Nubes bajas acariciaban las cimas de las montañas, empujadas hacia la isla por un fuerte viento del oeste que mecía peligrosamente las cestas de flores de colores colgadas de la fachada de la comisaría de Stornoway. Los desechos arrojados al suelo se arremolinaban por la calle y los paseantes se dejaban empujar por la brisa, encogidos por un frío poco habitual en el mes de agosto.
Fin subió fatigado a Church Street desde el puerto, vestido con una parka y un jersey de lana en lugar de la camisa manchada de sangre que había dejado en remojo en el baño del hotel. Había dormitado durante la noche, pero no había conseguido dormirse. Dormirse de verdad. Ese sueño que supone un fundido en negro de ideas, sumergiéndolas con suavidad hacia el fondo de un profundo pozo oscuro. En varios momentos se planteó llamar a Mona. Pero ¿qué habría podido decirle? ¿Que ya no tenían que llorar la pérdida de Robbie? ¿Que había encontrado otro hijo cuya existencia desconocía?
Cruzó el aparcamiento y entró en la comisaría por la puerta de atrás. El sargento de guardia estaba en el mostrador, rellenando formularios. El penetrante olor a cuartos de baño y desinfectante propio de las celdas policiales de cualquier comisaría quedaba suavizado por el aroma a tostadas y café. Fin echó un vistazo a la cámara de seguridad que había sobre el mostrador y mostró la identificación al sargento.
—¿Sigue aquí el reverendo Murray?
El sargento asintió y señaló hacia el pasillo. La puerta que comunicaba con las celdas estaba abierta y la mayoría de las puertas, entornadas.
—La primera a la derecha. No está cerrada con llave. —Notó la sorpresa de Fin—. De momento solo nos ayuda en la investigación, señor. No ha sido detenido oficialmente. ¿Le apetece un café?
Fin negó con la cabeza y fue hacia el pasillo. Todo estaba limpio y recién pintado. Paredes de color crema, puertas de color beis. Empujó la de la primera celda a la derecha. Donald estaba sentado en un banco de madera bajo una pequeña ventana situada en lo alto de la pared. Estaba comiéndose una tostada y tenía una taza de café humeante a su lado, apoyada sobre el mismo banco. Aún llevaba el alzacuellos bajo una chaqueta que a esas horas se veía ya arrugada y desaliñada. Un poco como su cara. No había dormido mucho más que Fin. Se apreciaban unas sombras oscuras debajo de sus ojos, y el cabello, despeinado y alborotado, le caía sobre la frente. Echó un rápido vistazo a Fin sin dar muestras de reconocerlo.

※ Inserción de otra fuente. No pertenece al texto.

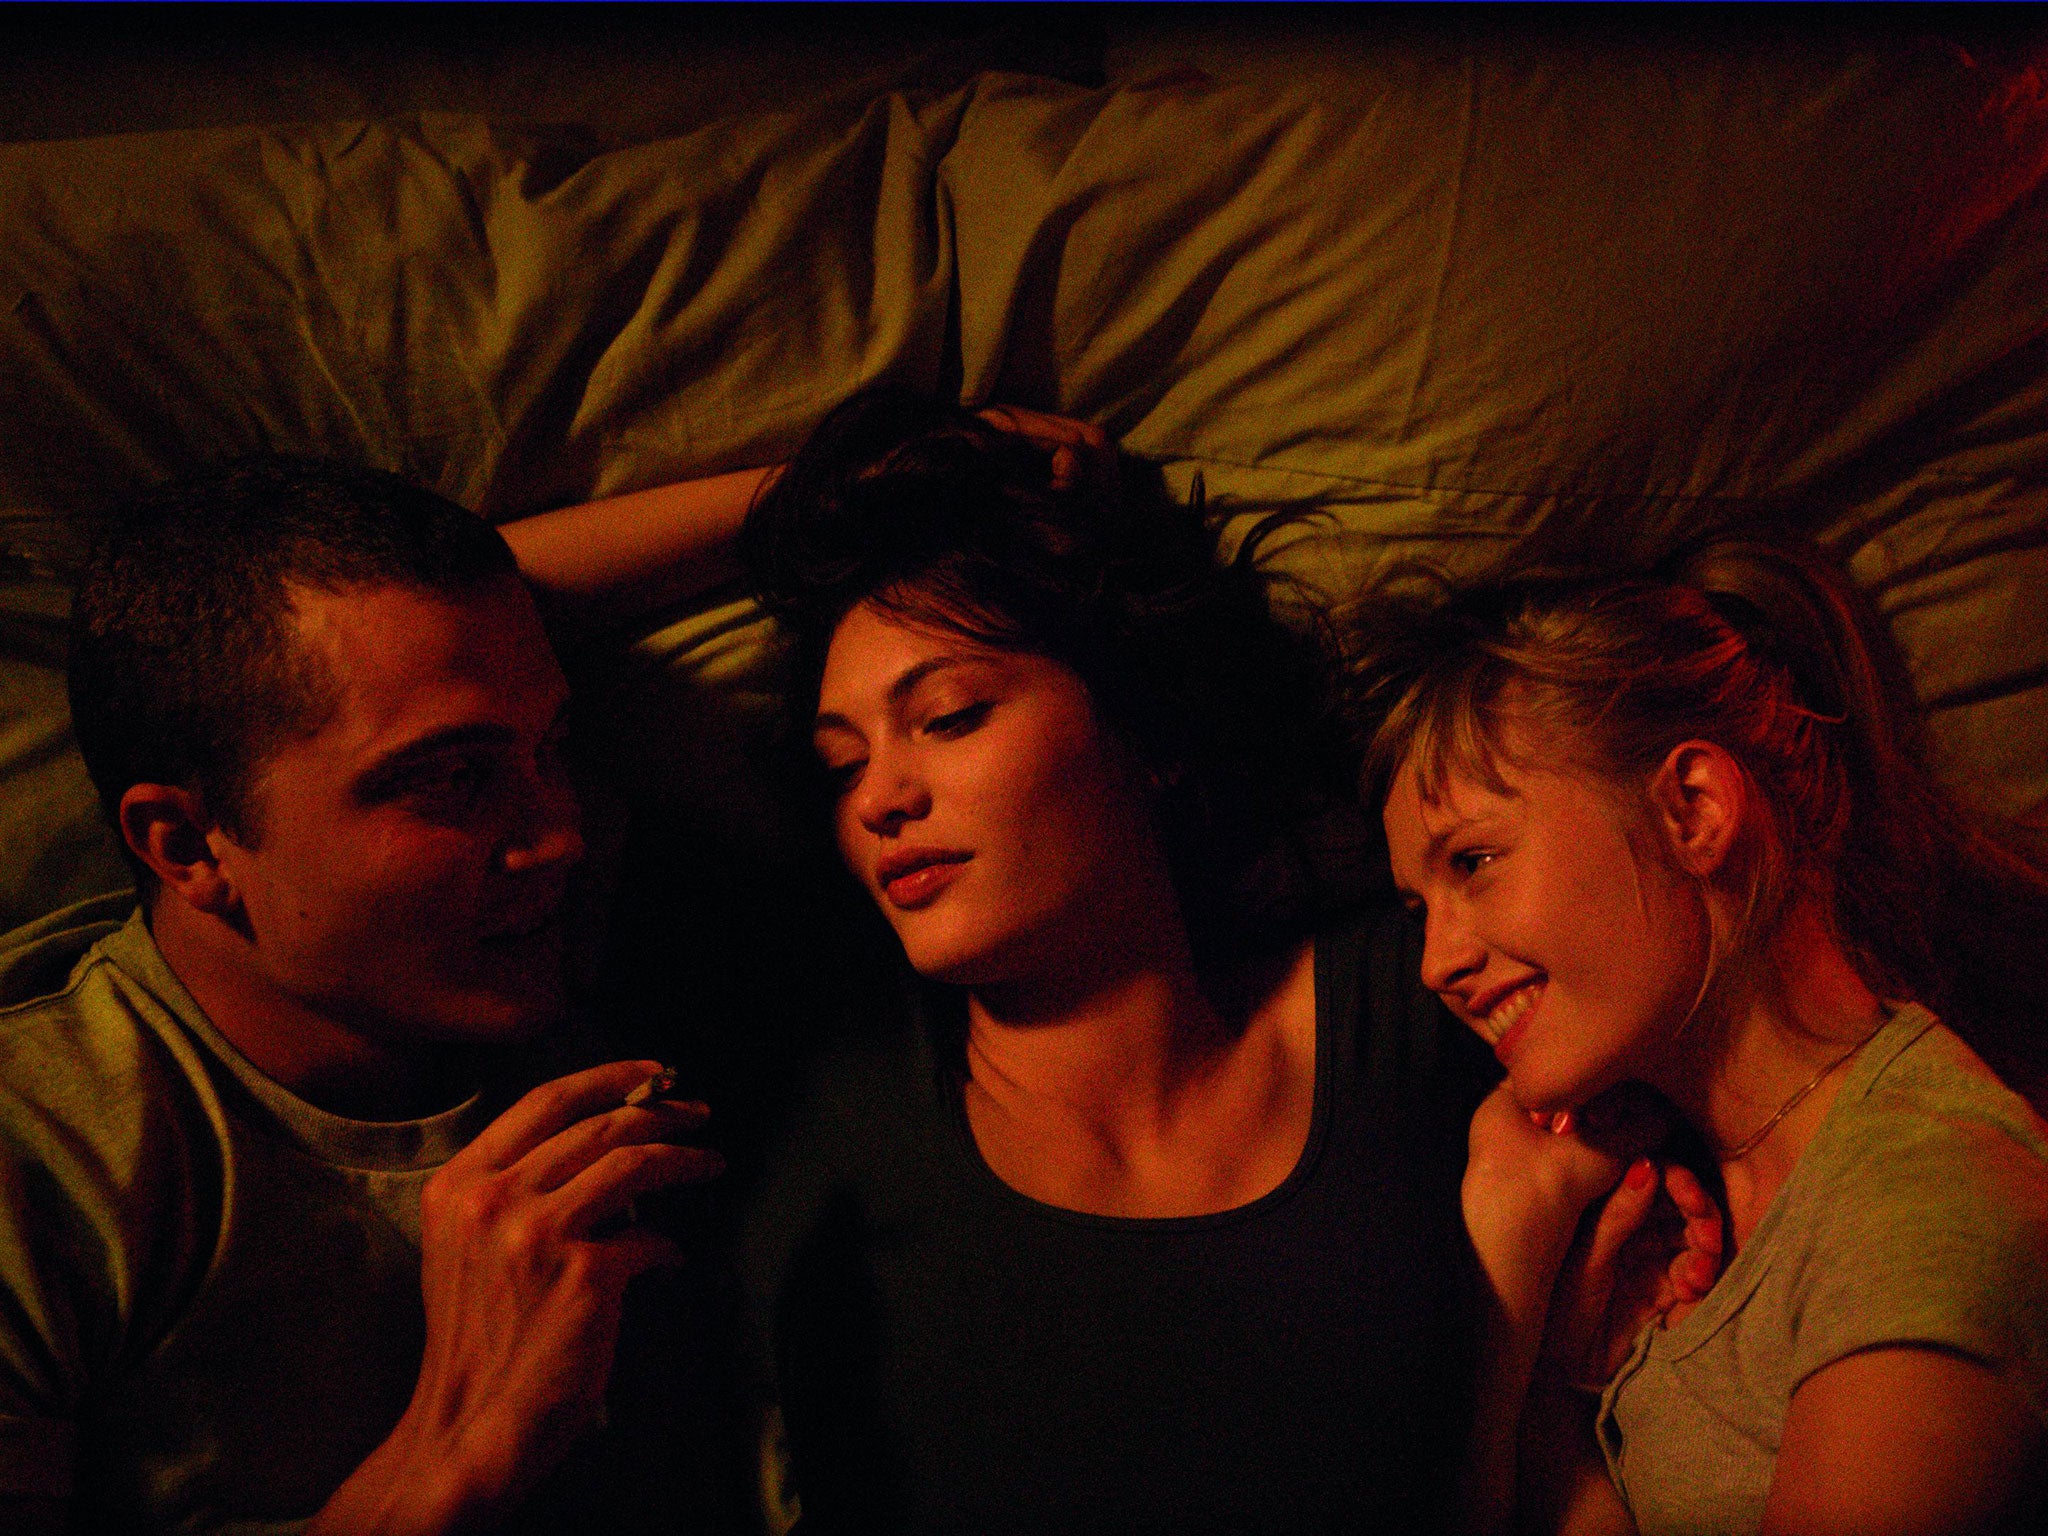 The most erotic scene in Love is one involving all three protagonists

—Mira eso. —Señaló con la cabeza uno de los rincones de la celda, a la izquierda de Fin. Pintadas en el suelo rojo oscuro había una flecha blanca y una E mayúscula—. Señala el este. Hacia La Meca. Para que los presos musulmanes sepan hacia dónde rezar. El sargento me ha dicho que no recuerda haber tenido encerrado a un solo musulmán. Pero así lo marca la ley. Le pedí si podía dejarme una Biblia para encontrar en ella algo de consuelo en medio de este infierno. Se disculpó. Alguien la había cambiado de sitio. Pero podía proporcionarme un ejemplar del Corán y una colchoneta, si me servían de algo. —Levantó la vista; su semblante expresaba un profundo disgusto—. Esta ha sido siempre una isla cristiana, Fin.
—Sí, llena de valores cristianos, como la verdad y la honestidad, Donald.

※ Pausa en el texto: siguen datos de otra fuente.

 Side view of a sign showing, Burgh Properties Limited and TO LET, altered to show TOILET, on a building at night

Donald lo miró directamente a los ojos.
—Yo no he matado a Angel Macritchie.
—Ya lo sé.
—En ese caso, ¿por qué estoy aquí?
—No te he traído yo.
—Dicen que estuve en Edimburgo cuando se cometió el otro asesinato. Pero eso puede aplicarse a un millón de personas más.
—¿Puedes dar cuenta de tus movimientos de esa noche?
—Varios de nosotros nos alojamos en el mismo hotel. Creo que cenamos juntos. Lo están confirmando con el resto. Claro que eso no da cuenta de mis movimientos después de que nos acostáramos… ya que dormí solo.
—Me alegro de oírlo. Tengo entendido que el número de prostitutas de Edimburgo aumenta cada vez que se celebra allí la asamblea general. —Donald le lanzó una mirada de desdén—. En fin, eso tampoco importa. Tu ADN te exonerará de haber matado a Macritchie cuando lleguen los resultados de las pruebas. El código de barras de Dios.
—¿Por qué estás tan seguro de que no fui yo?
—Llevo pensando en ello toda la noche.
—Vaya, me alegro de no haber sido el único que no ha pegado ojo. ¿Y a qué conclusión has llegado?
Fin se apoyó en el marco de la puerta. Se sentía débil y cansado.
—Siempre te había considerado un buen tipo, Donald. Capaz de pelear por lo que creías, sin ceder ni un ápice a los matones. Y nunca te he visto levantarle la mano a nadie. Tu poder era psicológico, no físico. Sabías cómo tratar con la gente difícil sin recurrir a la violencia. No te creo capaz de matar a nadie.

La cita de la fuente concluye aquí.